One interesting exception is the old (IEEE488) Commodore disk drives. These drives have not one but two processors: one 6502 and a 6504 that run in parallel and share some memory. The 6504 is used as a floppy drive controller that handles the low level disk I/O. The 6502 gets the commands from the bus and processes the `filesystem' task. By writing low level commands to certain memory locations, it sends commands to the floppy drive controller (the 6504) that in turn reads and writes the disk blocks. If you look at the 1541, for example, you can see that this concept still holds true.

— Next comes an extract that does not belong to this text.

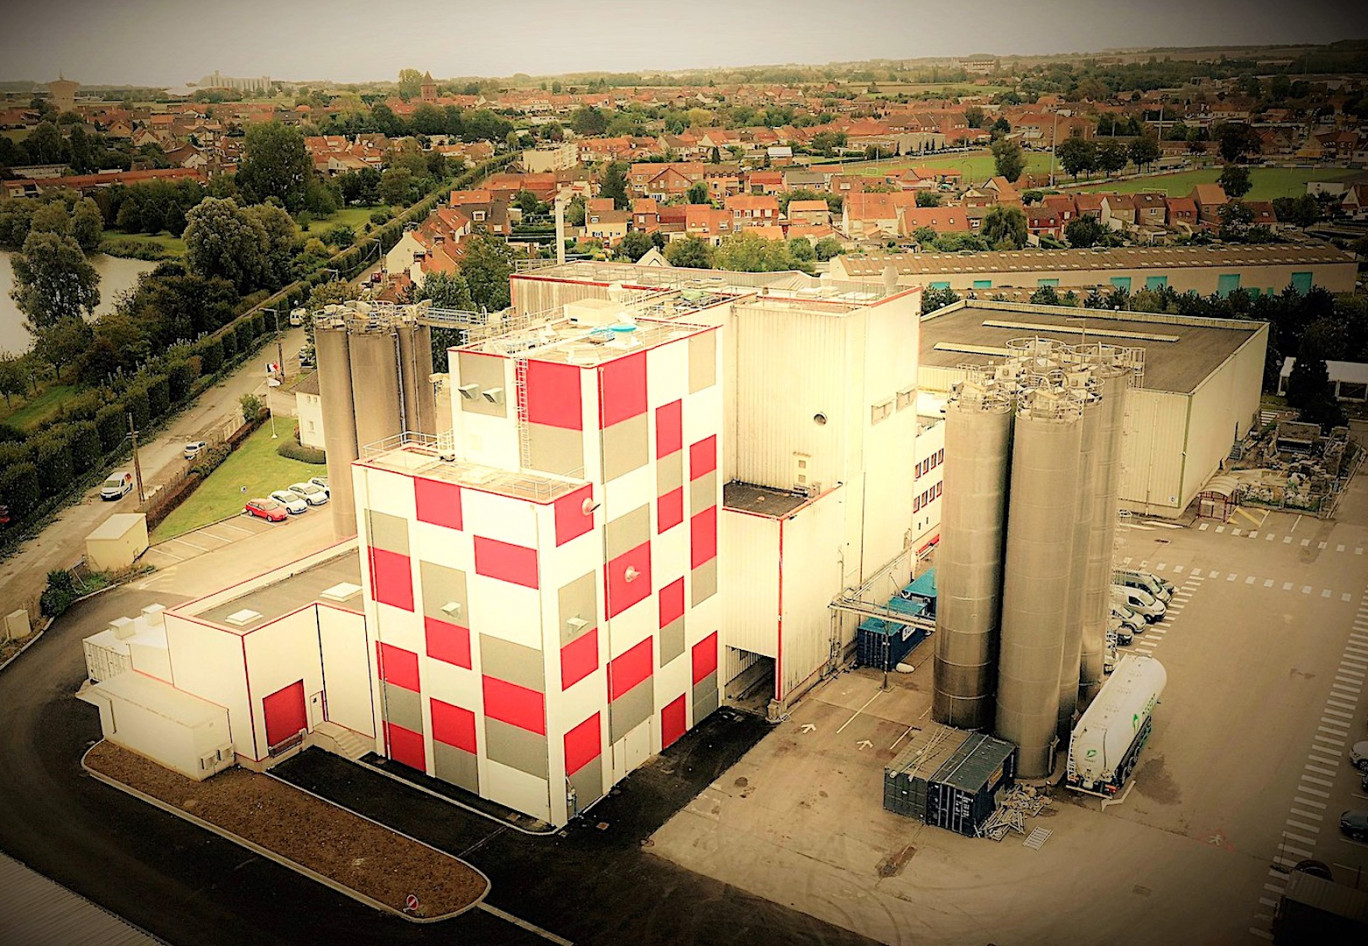 Le site d’Arques augmente sa capacité de production de farines de 15 000 tonnes par an. © Limagrain

However, in the 1541, the interrupt routine takes the role of the drive controller. Ironically, this reduction in CPUs was done to save 1541. In its effort to cut costs, Commodore forced the single CPU of the 1541 to multitask, creating a bare operating system to support drive operation.

Modern Kernel Design

Early operating systems started with a monolithic approach. i.e. all the system functions were provided with one big binary. Modern UNIX systems- even Linux, which is not derived from the original UNIX source- use this concept.

A modern kernel instead has a microkernel design. A microkernel only provides the means of communication between different processes, not doing much itself. Some implementations even have the scheduler (!) or memory manager (!) running as a separate task. The kernel calls these processes to find out about free memory pages and which task to start next. This reduces the size of the kernel and allows greater flexibility. On the downside, the microkernel designs forces more messages to be transferred, slowing down operation somewhat.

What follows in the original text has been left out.